ASSIGNMENT: Below is a listing; retype exactly the lines between the one containing "Marine Commandant Neller" and the one containing "40 unique christmas", inclusive, minus the pictures.

EXCERPTED DATA:
--- START ---
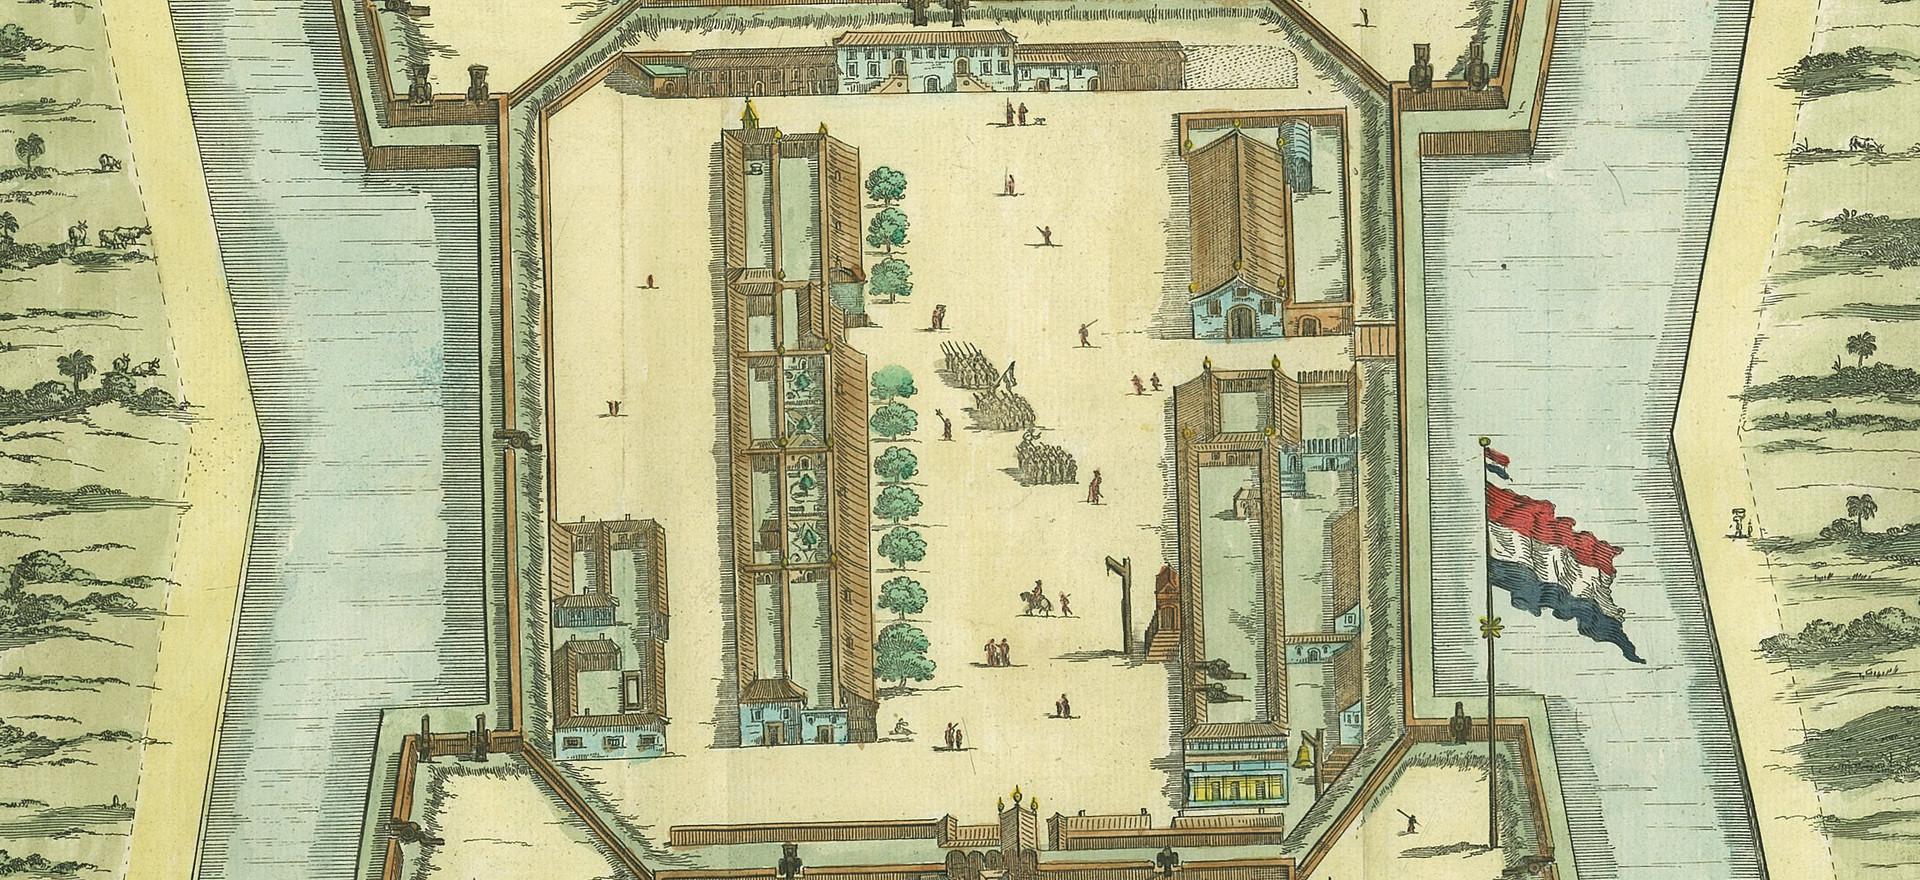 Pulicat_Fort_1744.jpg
--- END ---
--- START ---
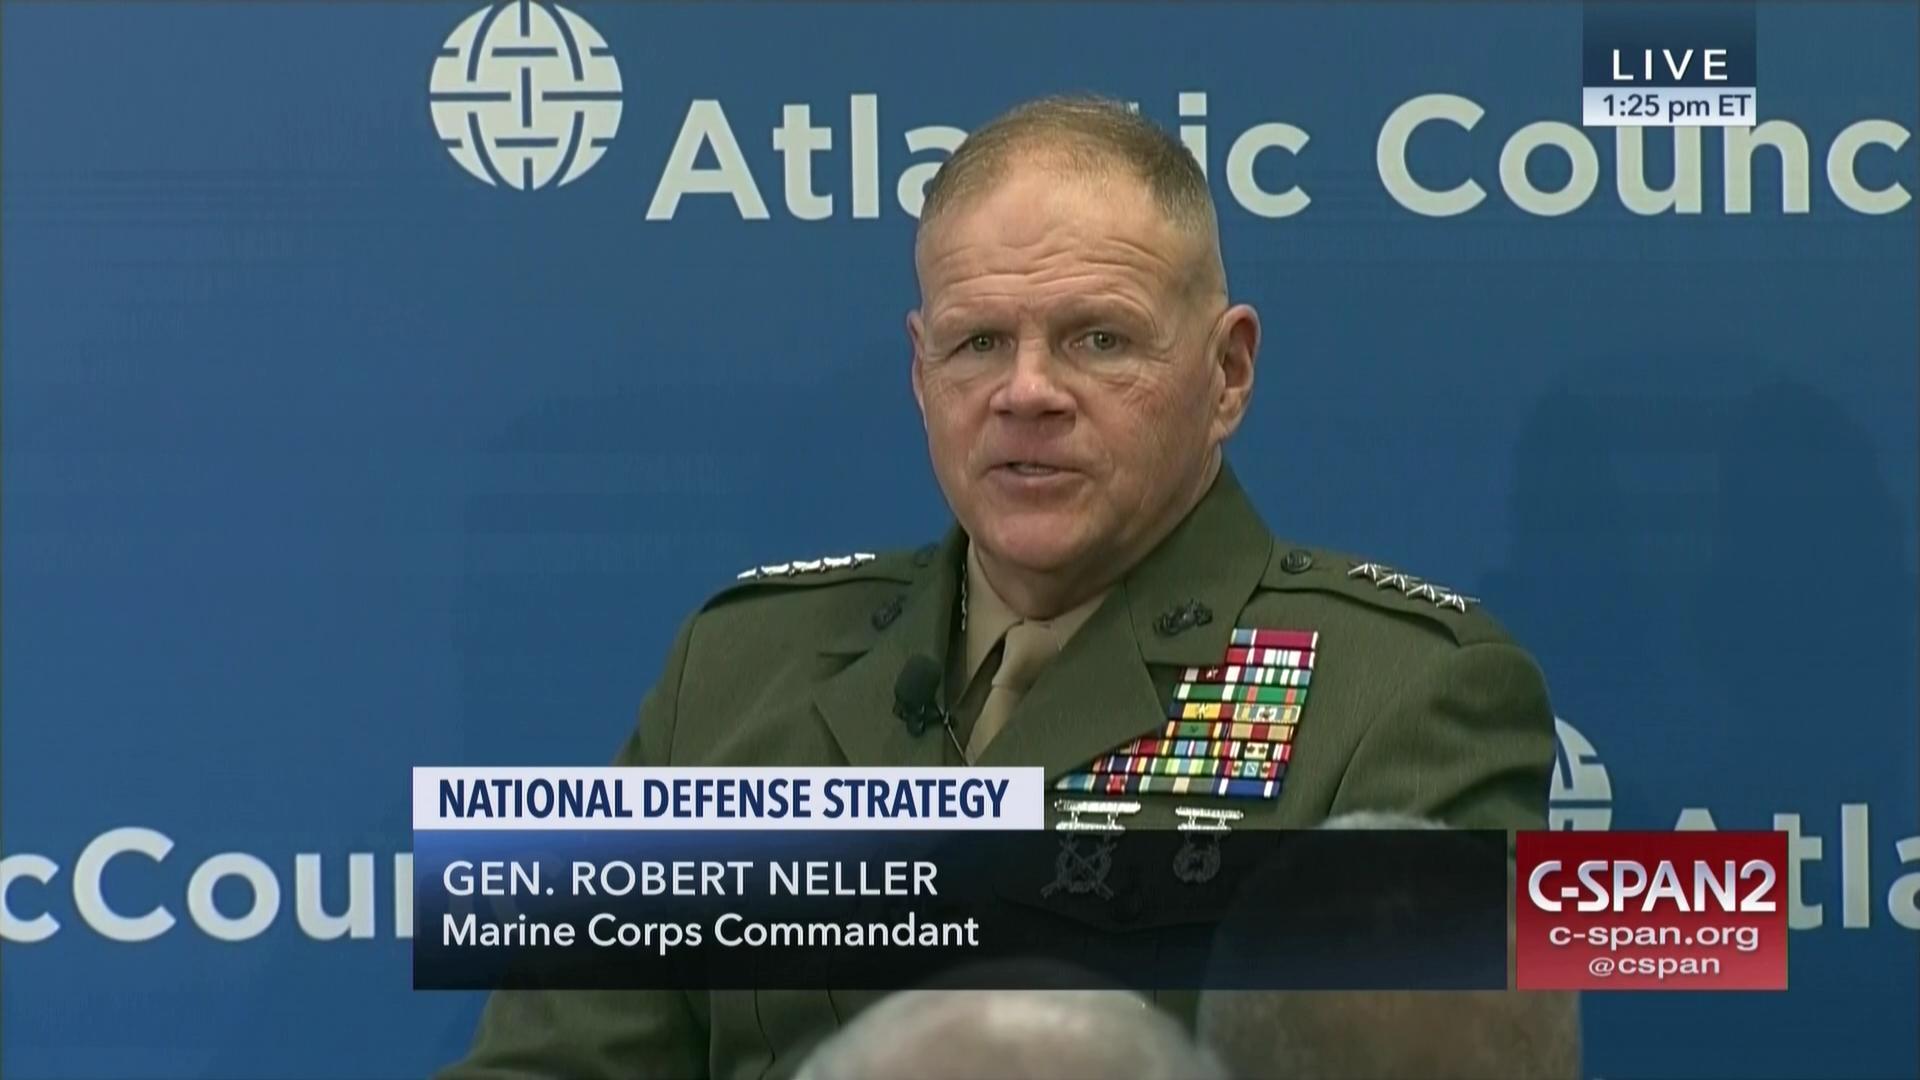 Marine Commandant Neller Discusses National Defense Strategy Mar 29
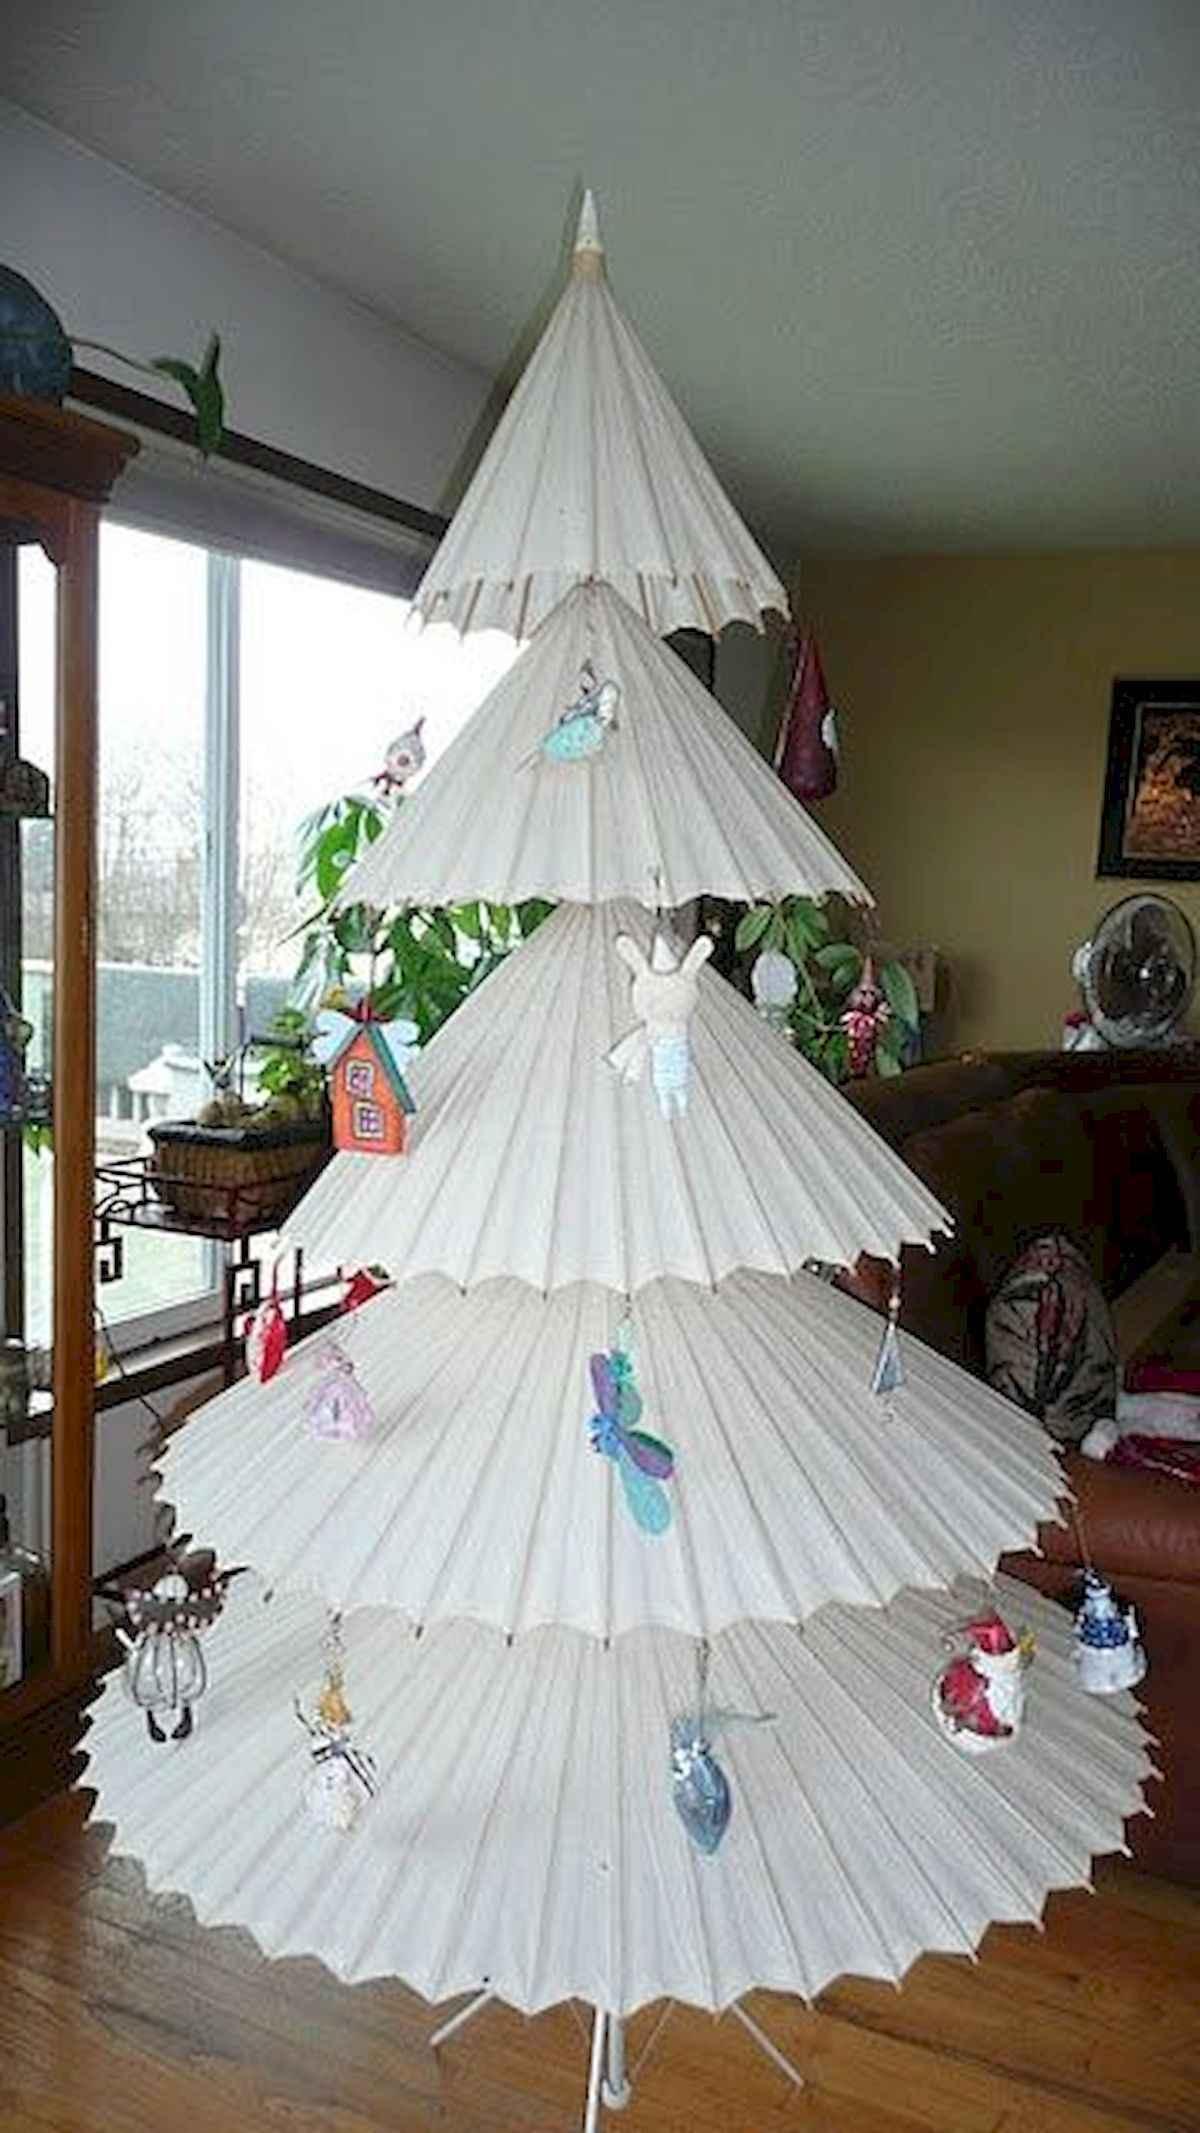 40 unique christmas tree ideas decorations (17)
--- END ---
RESPONSE BOX:
 Marine Commandant Neller Discusses National Defense Strategy Mar 29
 40 unique christmas tree ideas decorations (17)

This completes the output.